Listed records –
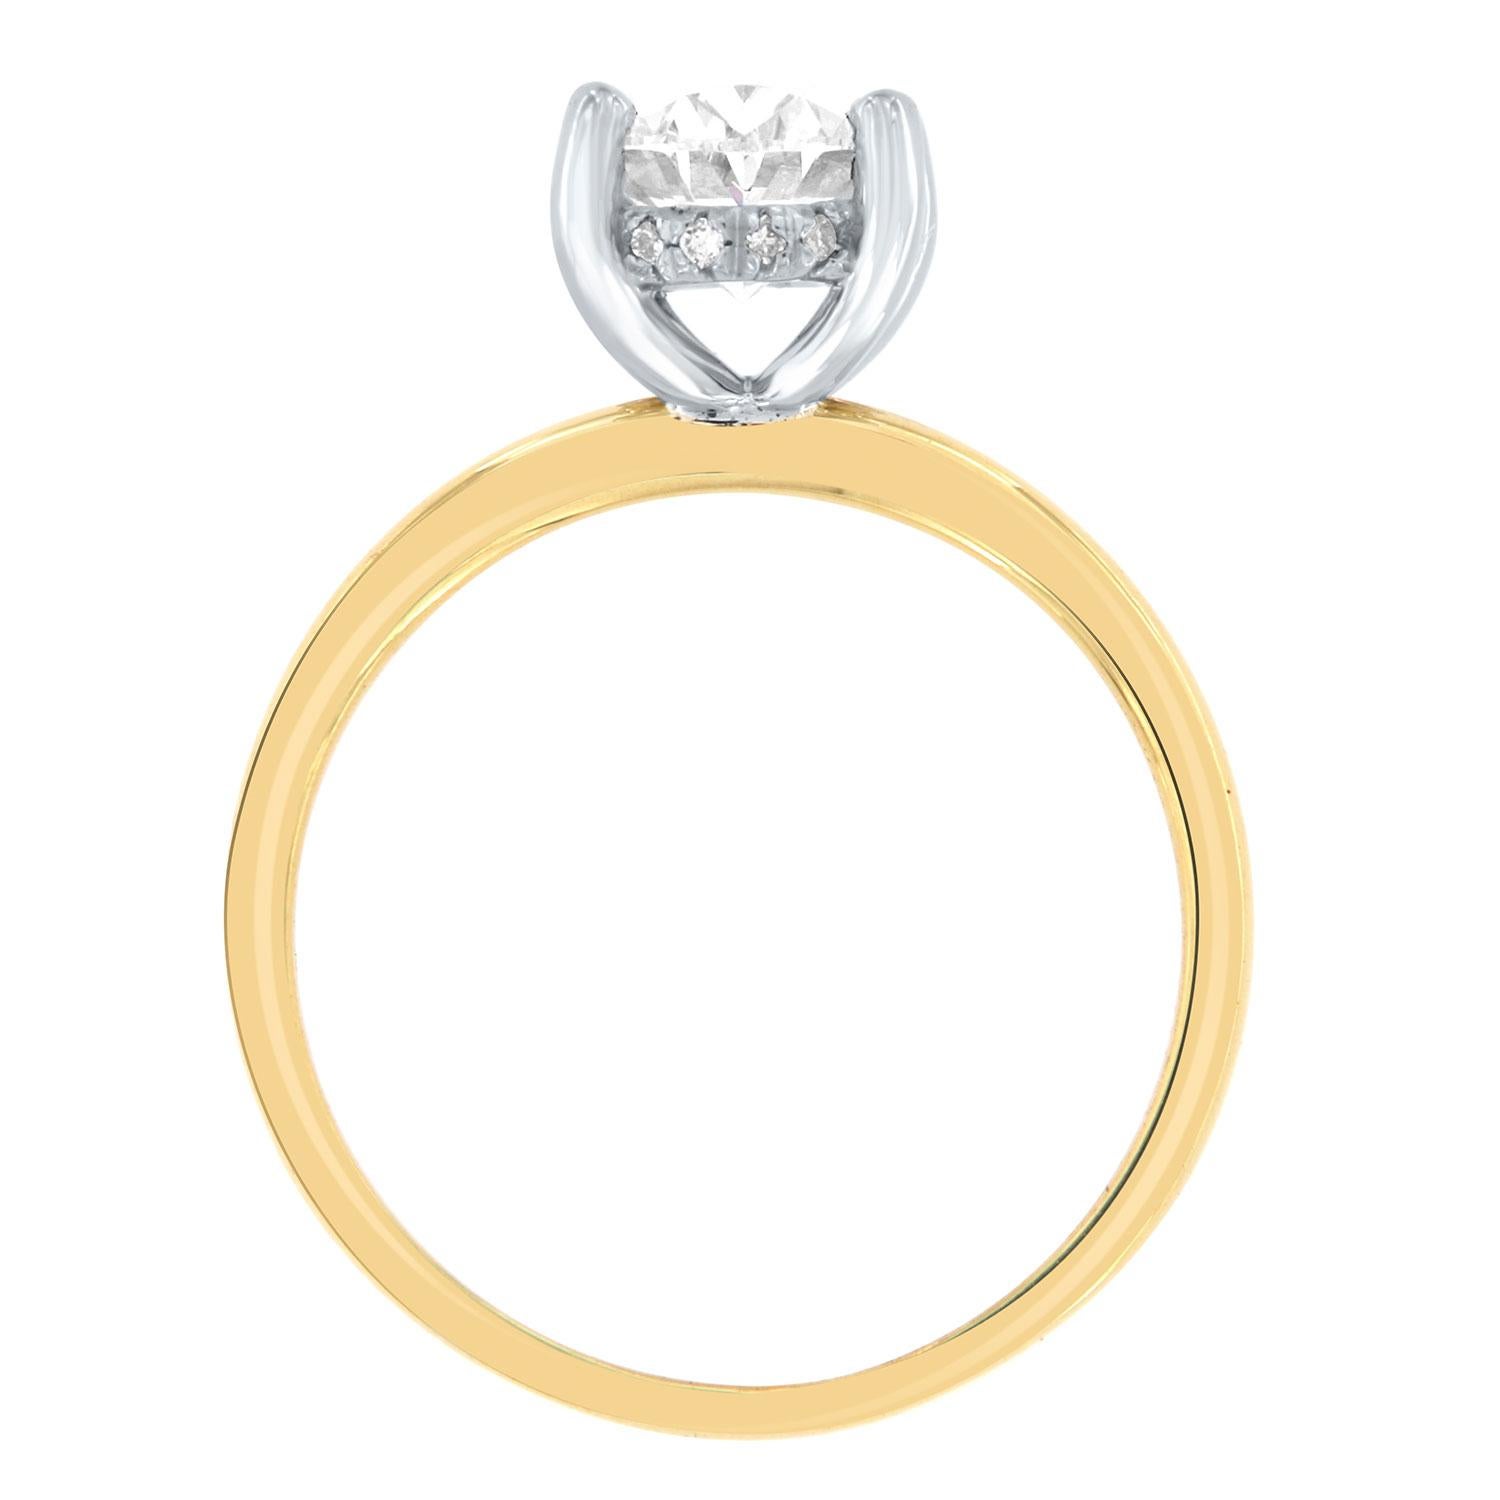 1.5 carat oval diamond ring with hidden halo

* * *

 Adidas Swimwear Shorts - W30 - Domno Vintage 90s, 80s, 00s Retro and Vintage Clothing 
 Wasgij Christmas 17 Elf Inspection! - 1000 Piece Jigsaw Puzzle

Problem to work on –
Give the exact lines, and only those, from the line containing "Adidas Swimwear Shorts" through the line containing "Wasgij Christmas 17" in the entries above.

Answer section –
 Adidas Swimwear Shorts - W30 - Domno Vintage 90s, 80s, 00s Retro and Vintage Clothing 
 Wasgij Christmas 17 Elf Inspection! - 1000 Piece Jigsaw Puzzle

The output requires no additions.